É notório o tipo de racionalismo religioso que advêm do capitalismo como uma forma de emancipação da religião. Essa nova racionalidade se mostra irreversível no Ocidente. A racionalização da vida na perspectiva weberiana não cogitava o fim da religião face a secularização, apenas enfatizava o traslado de sua esfera pública para o privado do mundo do trabalho e esse reposicionamento permitiu novas possibilidades para o pluralismo religioso. Nesta vertente a racionalização em Weber é mais abrangente que a desmagificação do mundo, visto que a secularização implicou também o desencantamento do Direito, que não admitiu mais outras formas de dirimir conflitos que não fosse o da persuasão racional do juiz.

O desencantamento do mundo desabrochou na transformação social desprovida de mistérios. A mística foi substituída pela perda de sentido e o desencanto tornou capaz a construção social e política dotada de leis racionais, discutíveis e revisáveis.
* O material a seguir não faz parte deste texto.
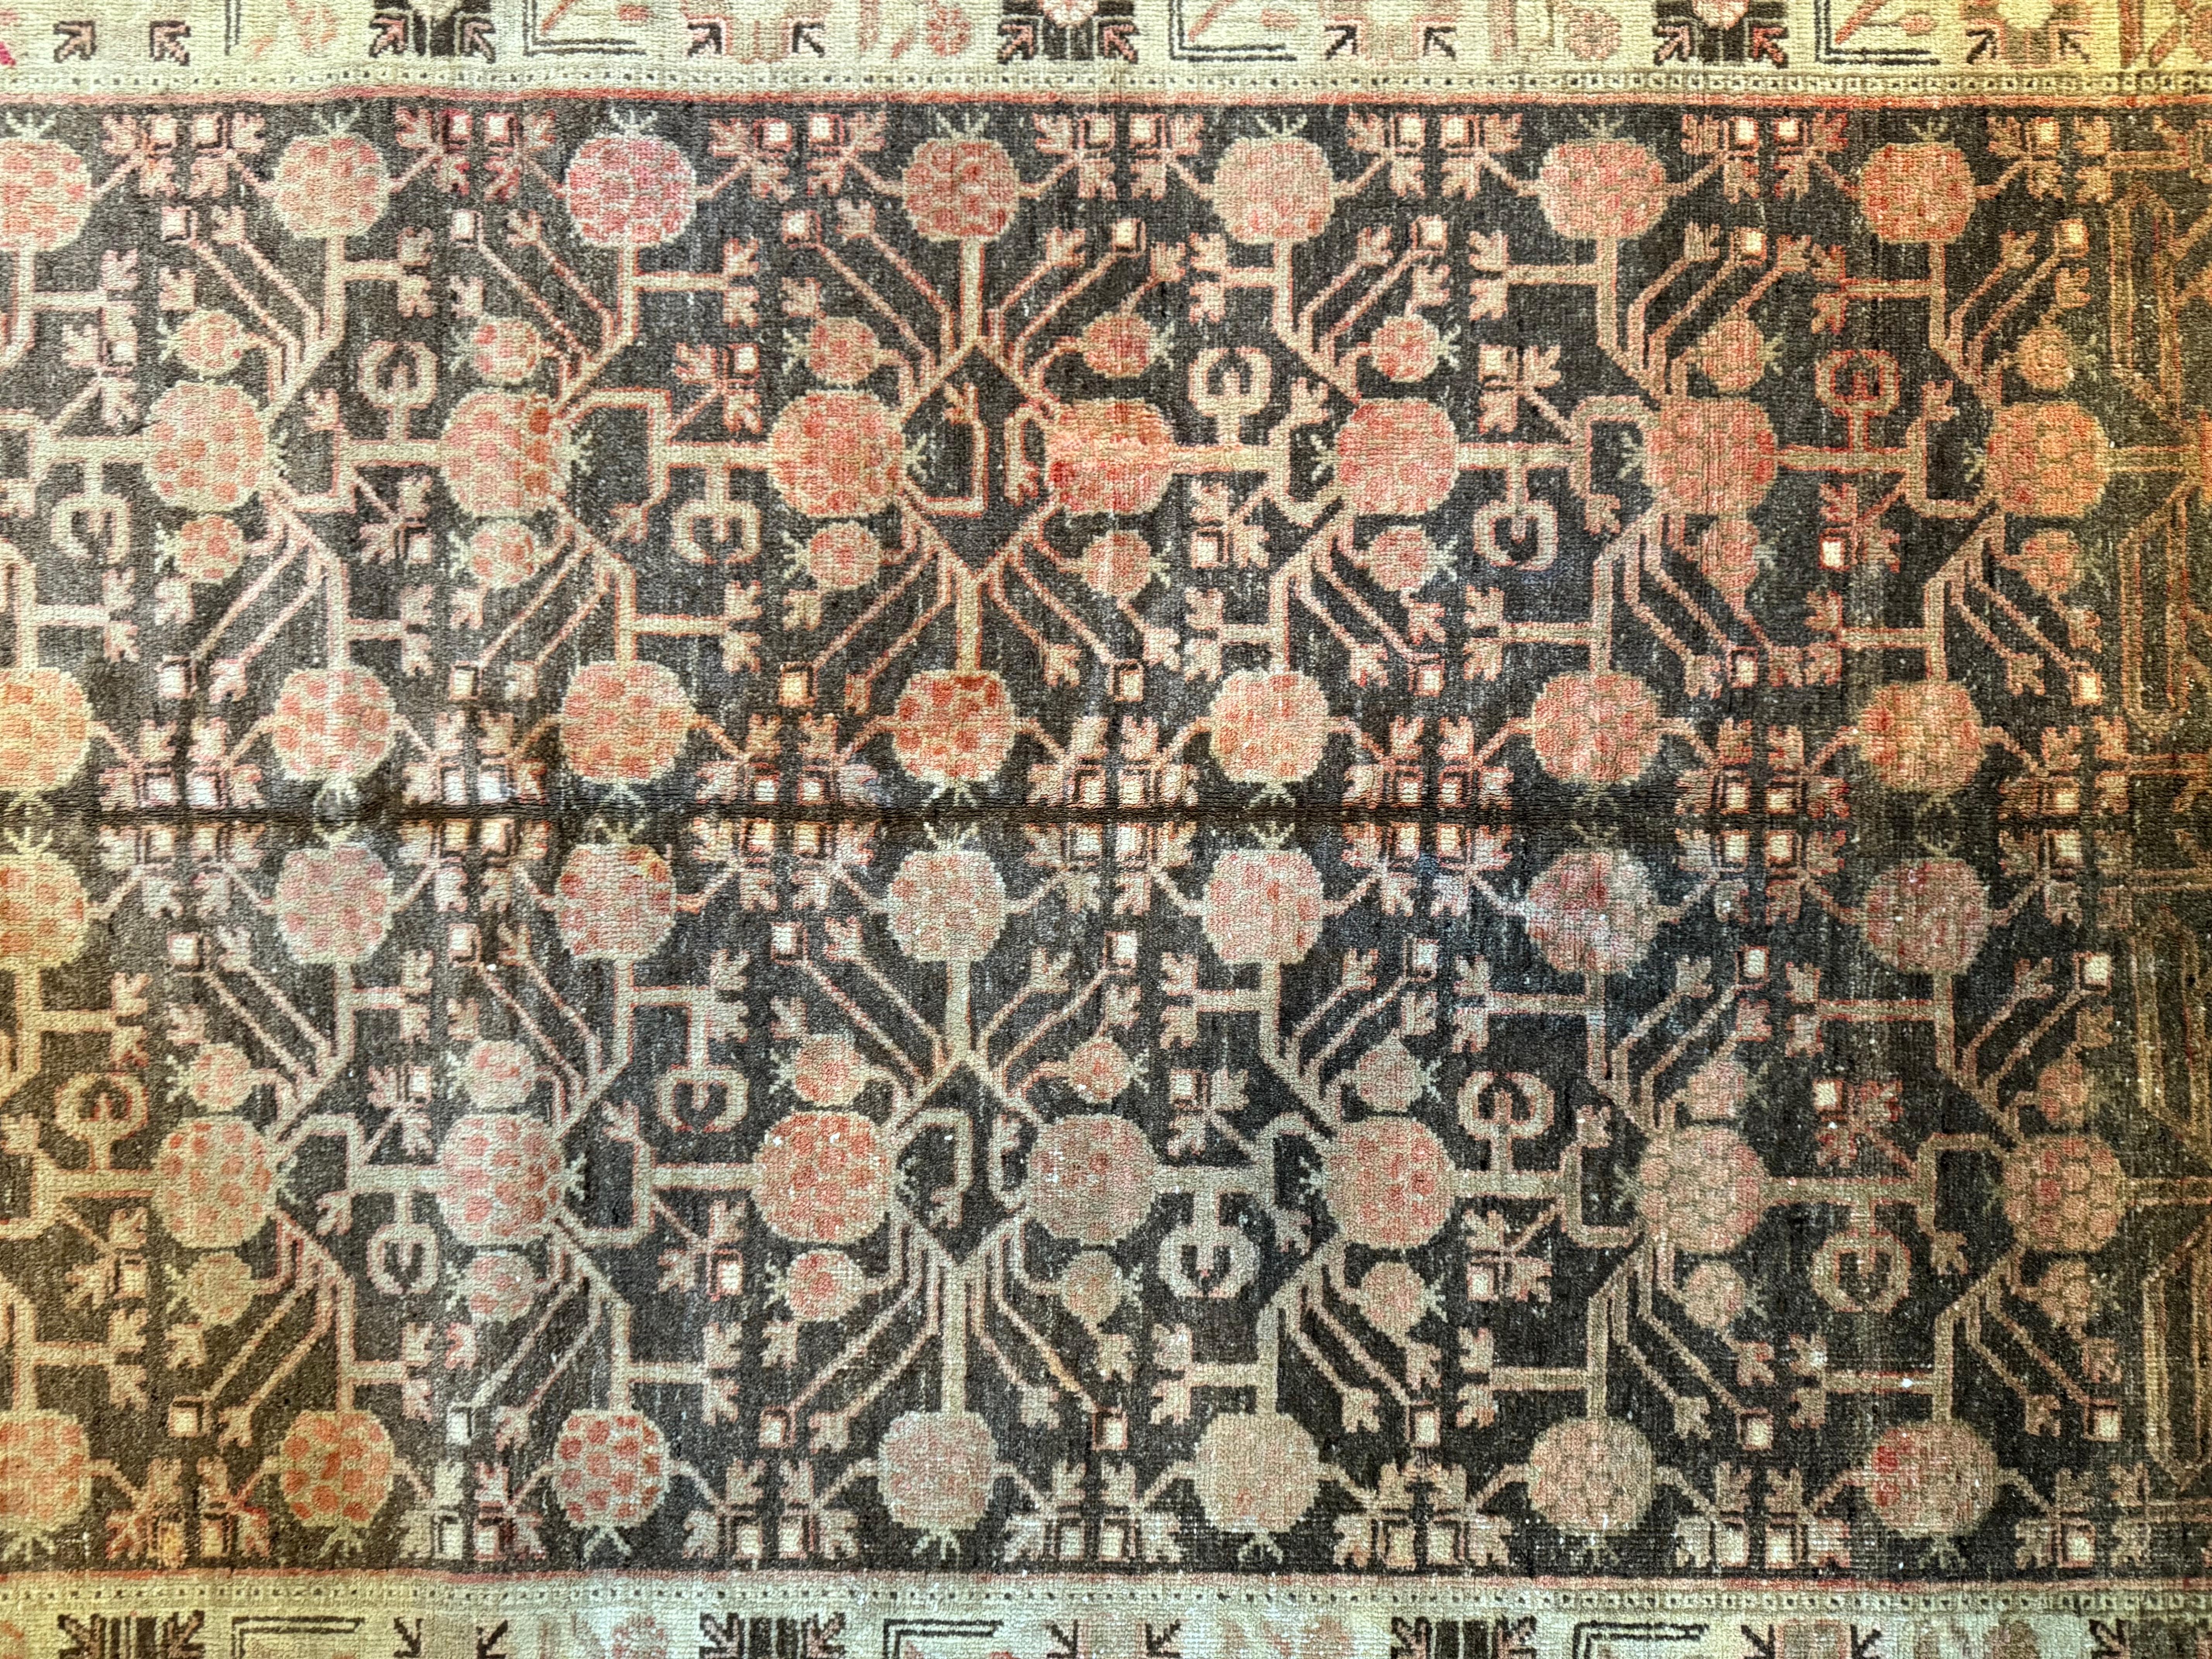 Ce tapis Samarkand ancien du XIXe siècle, de dimensions 6,6' x 4,6', témoigne d'une élégance intemporelle. Ses motifs complexes et ses tons chauds ajoutent une touche de charme vintage à toute maison américaine, fusionnant allure classique et

A origem jurídico-religiosa, correspondente ao período da Reforma, passa com a quebra do domínio da Igreja católica imbuída dos assuntos, inclusive, do campo científico conceitual até o século XVI, para a fase desencantada, moldada e capacitada para lidar com a nova credibilidade científica e uma nova autoridade religiosa.
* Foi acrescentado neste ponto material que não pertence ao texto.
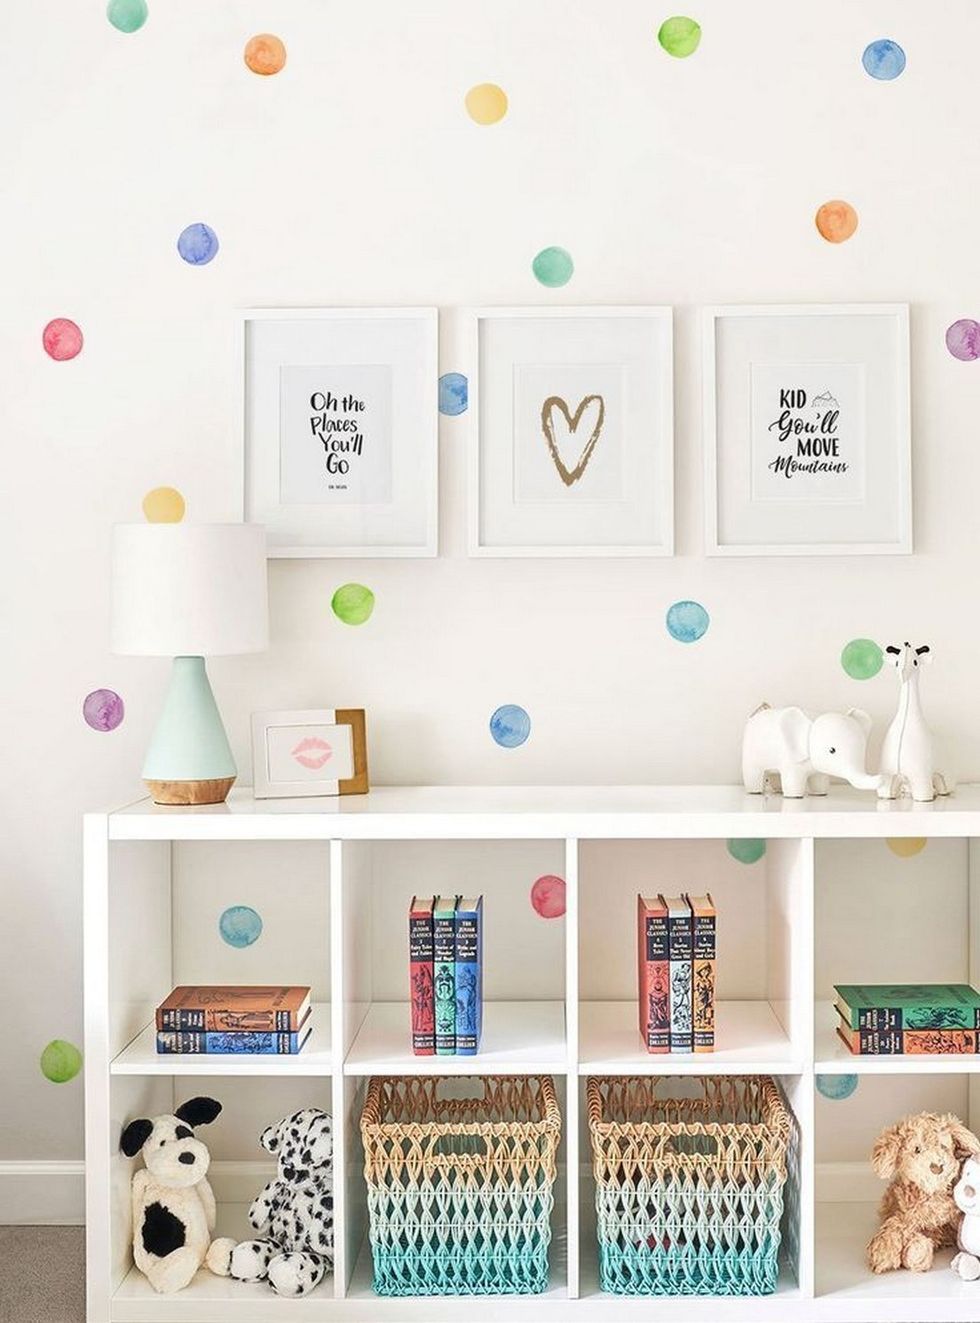 Color y madera para una estantería infantil DIY - DecoPeques

O espírito capitalista foi repudiado pela doutrina dominante que não conseguia valorá- lo como eticamente positivo. O racionalismo econômico como parte do conceito histórico capitalista enfatizou a vocação como dedicação do ser ao trabalho profissional.

"O sentido de uma posição na vida, de um ramo de trabalho definido" foi o logo protestante que os católicos ignoraram. Este logo reconhece que,

O único meio de viver que agrada a Deus não está em suplantar a moralidade intramundana pela ascese monástica, mas sim, exclusivamente, em cumprir com os deveres intramundanos, tal como decorrem da posição do indivíduo na vida, a qual por isso mesmo se torna a sua vocação profissional (WEBER, 2004, p. 72).

Lutero desenvolveu a ideia na primeira década da atividade reformadora e colocou em questão o tipo egoístico da falta de amor da vida monástica por se esquivar dos deveres do mundo, em contraste o trabalho profissional mundano era uma forma expressiva de amor ao próximo.

A máxima do "cumprimento dos deveres intramundanos como a única via de agradar a Deus em todas as situações" parece que fez coincidir a religiosidade capitalista com a religião do capitalismo protestante.

Pierucci, ao tratar do desenvolvimento de uma sociedade secularizada diz que "o conceito weberiano de secularização necessariamente invade o terreno da conceituação de legitimidade, do tratamento teórico dos problemas de legitimação da autoridade, problemas que todos sabemos recorrentes, permanentes, no Estado moderno" (PIERUCCI, 1998, p. 2).

O desencantamento do mundo fez com que a perda de sentido transformasse o mundo em um mecanismo visual desprovido de mistério e capacitou a construção de uma comunidade política temporal, detentora de leis racionais.

Assim a secularização surgiu da ascendência do político sobre o religioso. Já ressaltado, também para Pierucci o fator ocorrido do Ocidente moderno implicou o recuo da religião no interior da sociedade política que relegou o papel da religião à esfera privada. Portanto a secularização foi uma forma operacionalizada do poder político ter supremacia sobre a religião. Neste processo a Igreja passou de Instituição Soberana para instituição comum, como qualquer da sociedade, sem influência sobre o poder político que deixou de ser legitimado único e exclusivamente por Deus, o cidadão tornou-se independente de religião.

Em Weber a base desta distinção está na dicotomia catolicismo/protestantismo. Na Idade Média a Igreja era considerada potência em par de igualdade com o Estado. No protestantismo essa estrutura eclesiástica não se vislumbra hierarquicamente e perde a capacidade de medir forças com o Estado que engloba a identidade nacional. Foi o que ocorreu com o Estado inglês e a Igreja Anglicana. Este autor investigou o Direito como instrumento que possui a racionalidade da legitimação de submissão e dominação.